Data to use section start

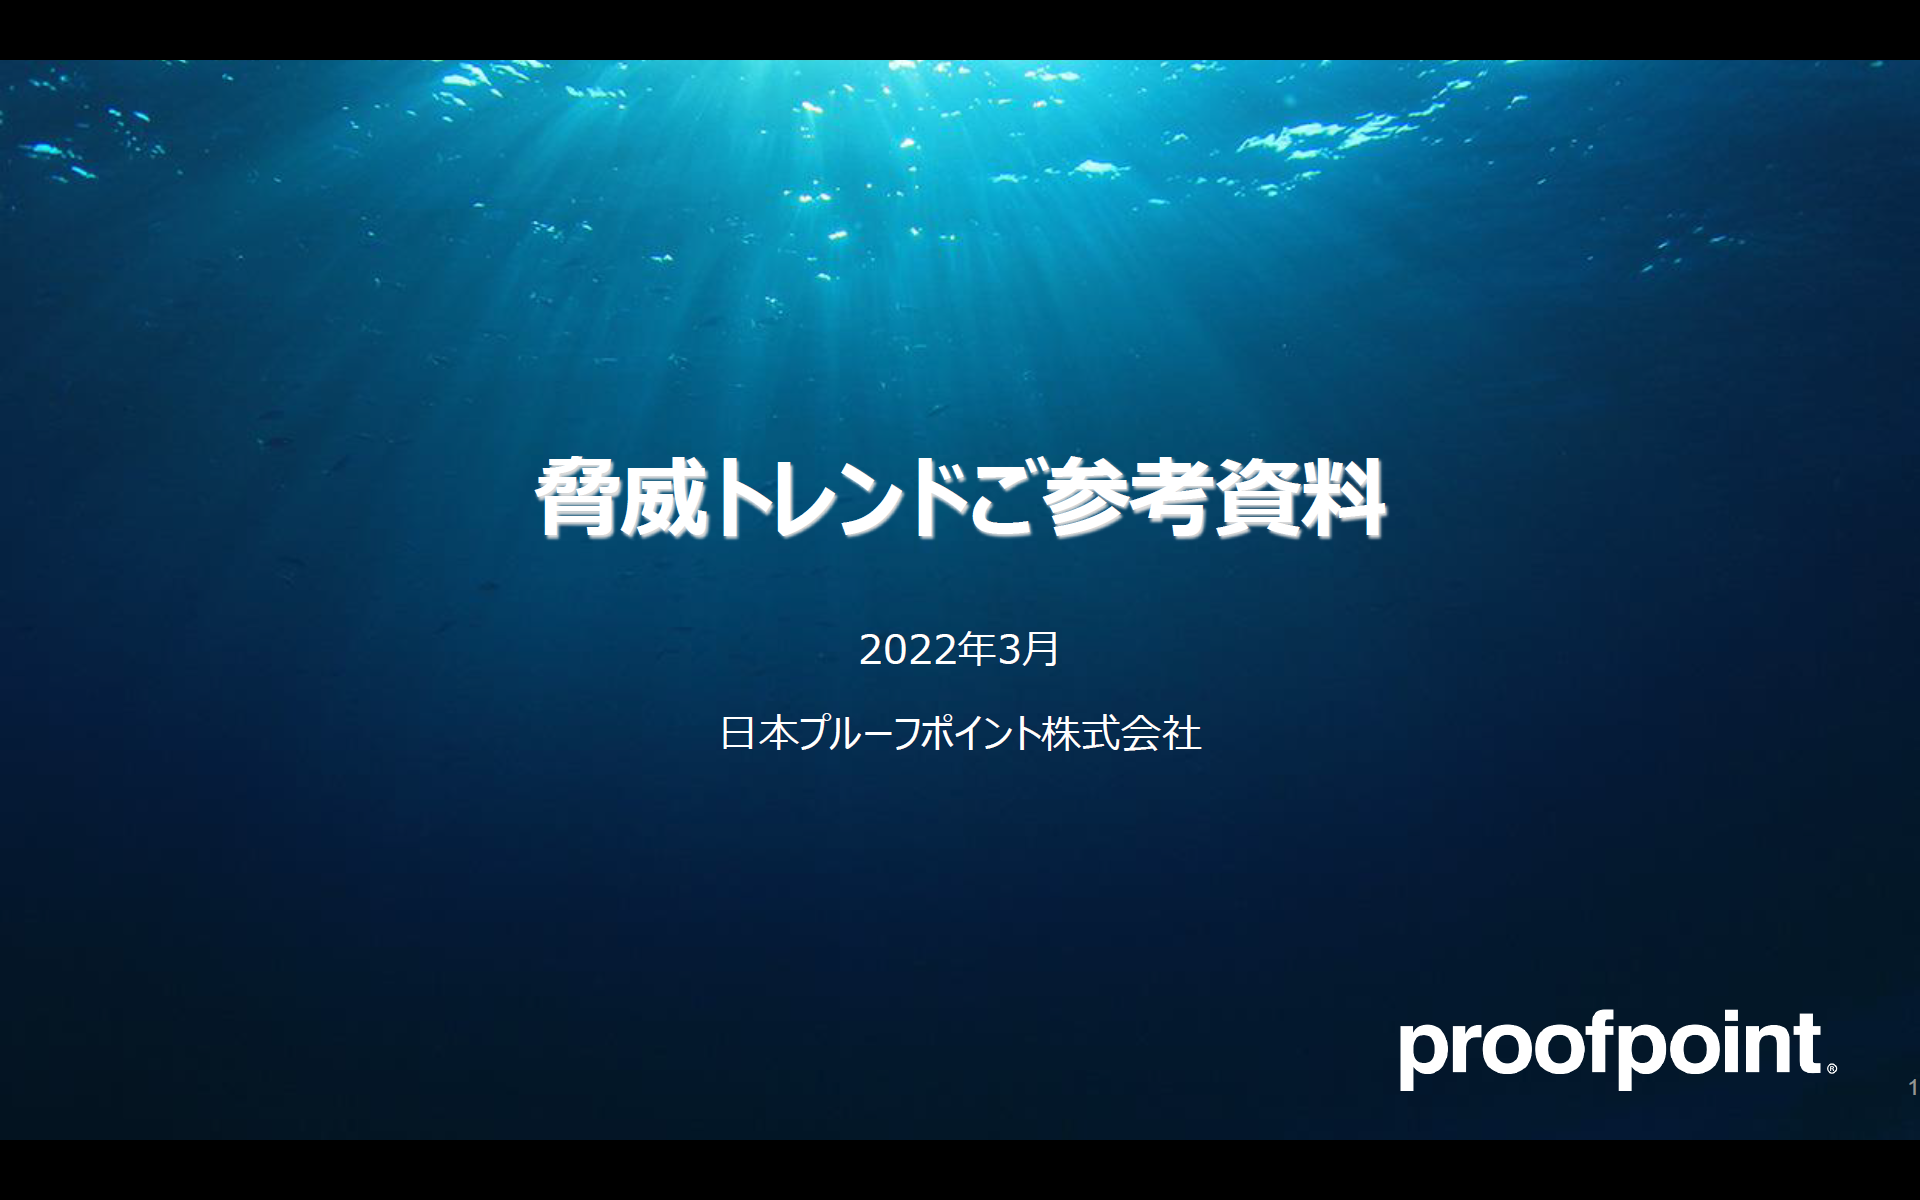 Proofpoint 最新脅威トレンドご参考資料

Data to use section end
Data to use section start

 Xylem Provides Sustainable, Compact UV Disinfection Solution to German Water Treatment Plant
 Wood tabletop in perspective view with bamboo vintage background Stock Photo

Data to use section end

> **Instructions for the task**: Find the line with "Xylem Provides Sustainable, Compact" in the material above. Reproduce it and each line after it up to and including the line with "Wood tabletop in".

> **Response area**:
 Xylem Provides Sustainable, Compact UV Disinfection Solution to German Water Treatment Plant
 Wood tabletop in perspective view with bamboo vintage background Stock Photo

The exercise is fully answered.